Ultimate Longevity Bible

Hallmark of aging

Genomic Instability

Last updated Sun May 17 2026 00:00:00 GMT+0000 (Coordinated Universal Time)

What it is

Genomic instability is the gradual accumulation of damage to DNA — point mutations, double-strand breaks, copy-number changes, chromosomal rearrangements, and damage from reactive oxygen species. The damage itself isn’t the problem; everyone’s cells experience tens of thousands of lesions per day. Aging arises when the cellular machinery that detects and repairs that damage falls behind the rate at which damage is generated.

Why it matters in aging

The two main consequences are (1) loss of cellular function when essential genes are mutated or silenced and (2) clonal expansion of damaged cells, including cells with cancer-driver mutations.

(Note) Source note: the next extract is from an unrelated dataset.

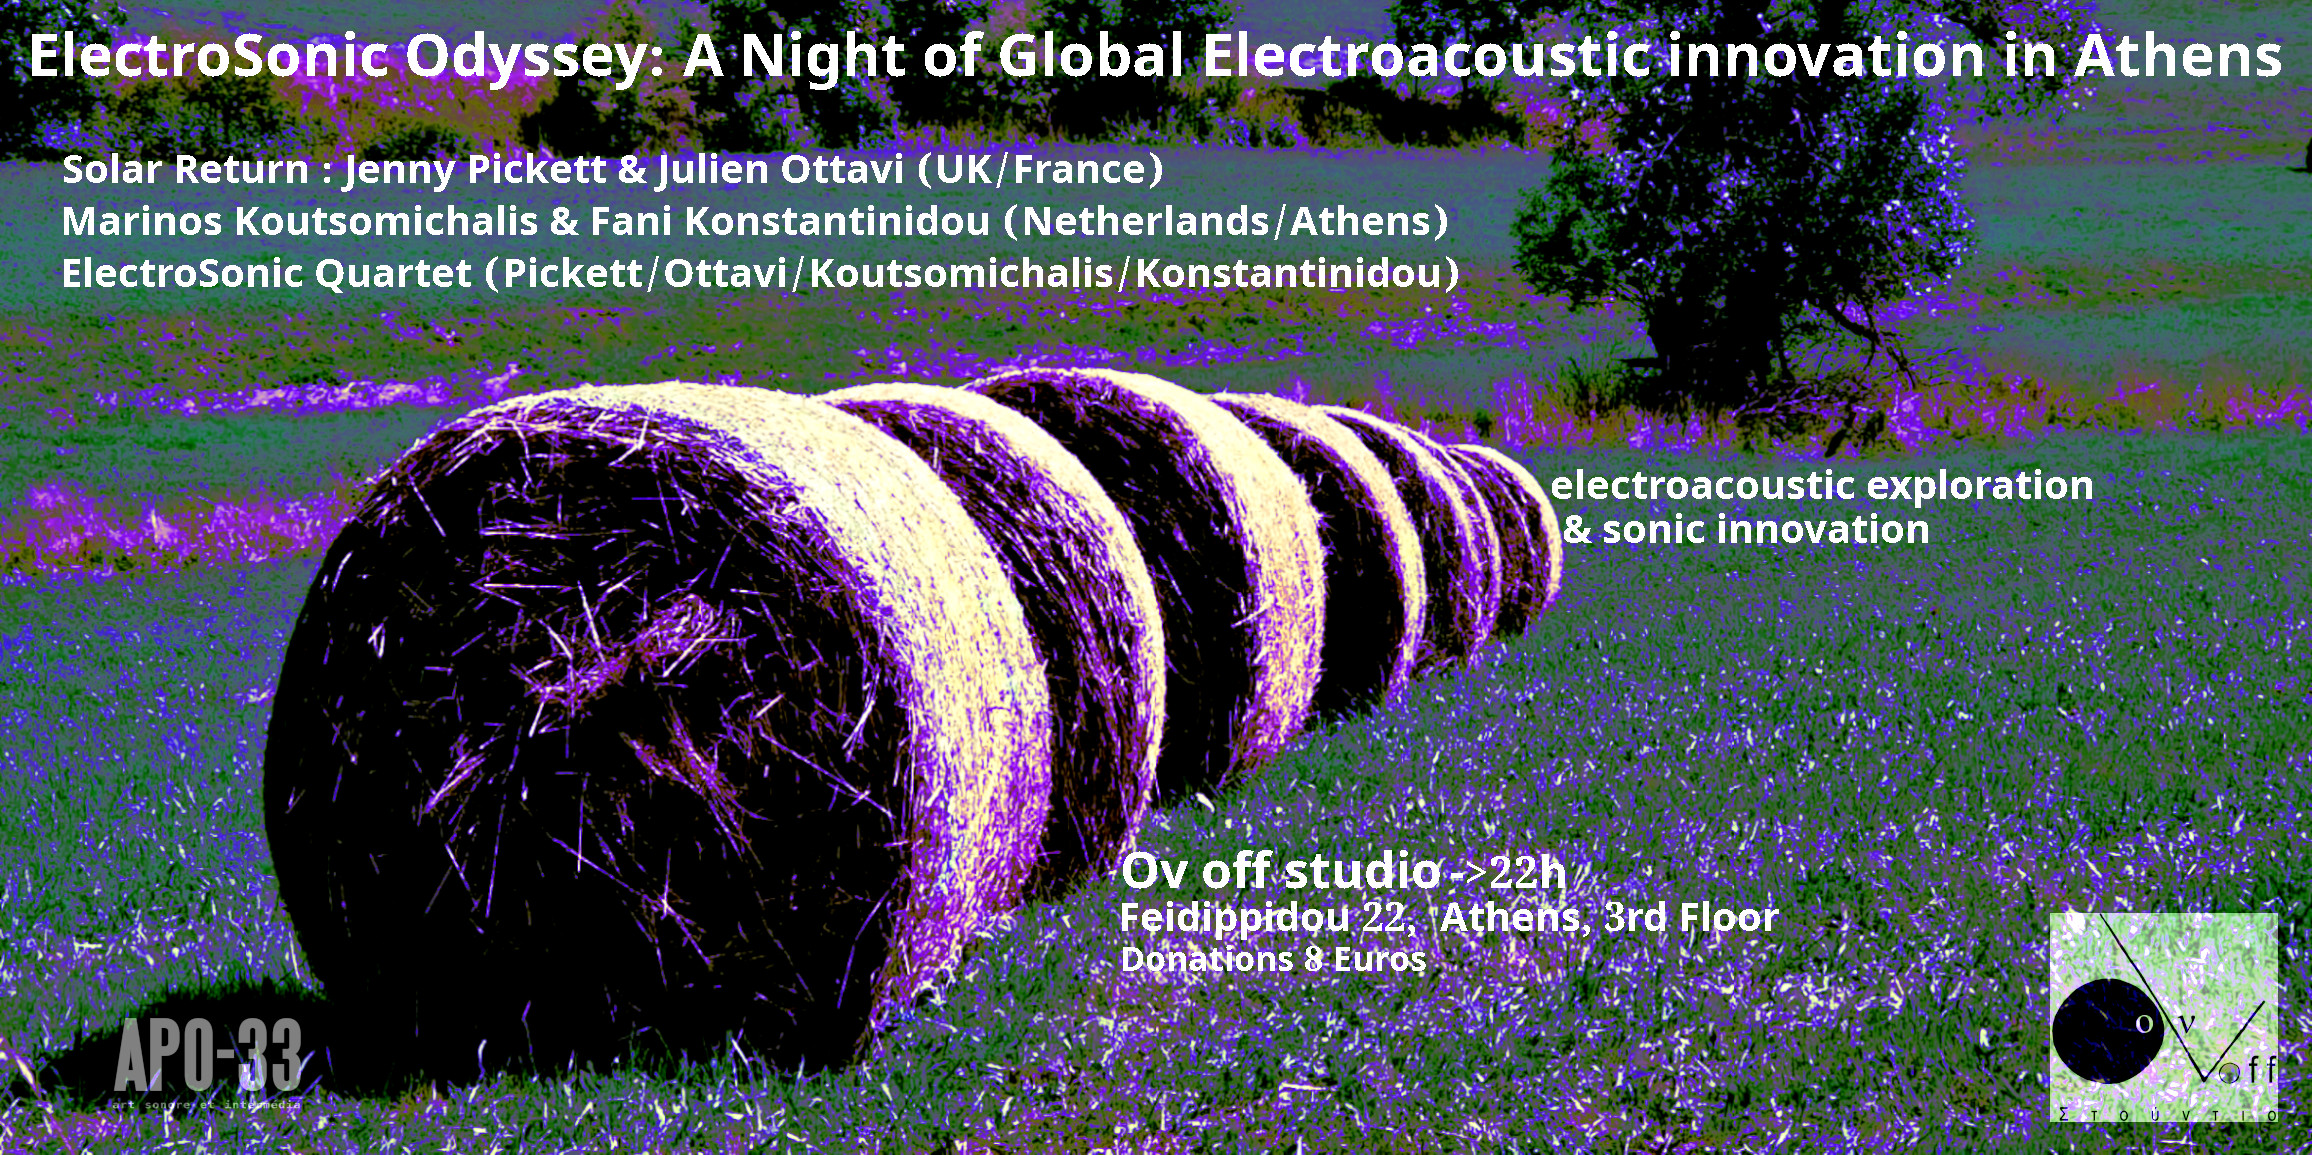 Odyssée ElectroSonic : Une Nuit d’Innovation électroacoustique internationale à Athènes

Progeroid syndromes such as Werner syndrome, Hutchinson–Gilford progeria, and xeroderma pigmentosum are caused by inherited defects in DNA-repair or nuclear-envelope proteins and broadly recapitulate features of normal aging at an accelerated rate.

Mechanisms

  • Endogenous sources: replication errors, reactive oxygen species, hydrolytic depurination, aldehyde adducts from metabolism.
  • Exogenous sources: UV, ionising radiation, chemotherapy, tobacco smoke.
  • Repair pathways: base excision repair, nucleotide excision repair, mismatch repair, homologous recombination, non-homologous end joining.
  • Telomere maintenance and nuclear architecture (lamin A/C) are tightly coupled to genomic stability.

What’s being studied

NAD+–dependent enzymes (sirtuins, PARPs) sit at the intersection of metabolism and DNA repair; declining NAD+ with age is one proposed reason repair efficiency slips. Senolytics, caloric restriction, and rapamycin all show effects on genomic-instability readouts in animal models, but human-translation evidence is limited.

Related entries

See also: Telomere attrition, Cellular senescence, Epigenetic alterations.

References

  • López-Otín, C. et al. Hallmarks of aging: An expanding universe. Cell 186, 243–278 (2023).
  • Vijg, J. & Suh, Y. Genome instability and aging. Annu. Rev. Physiol. 75, 645–668 (2013).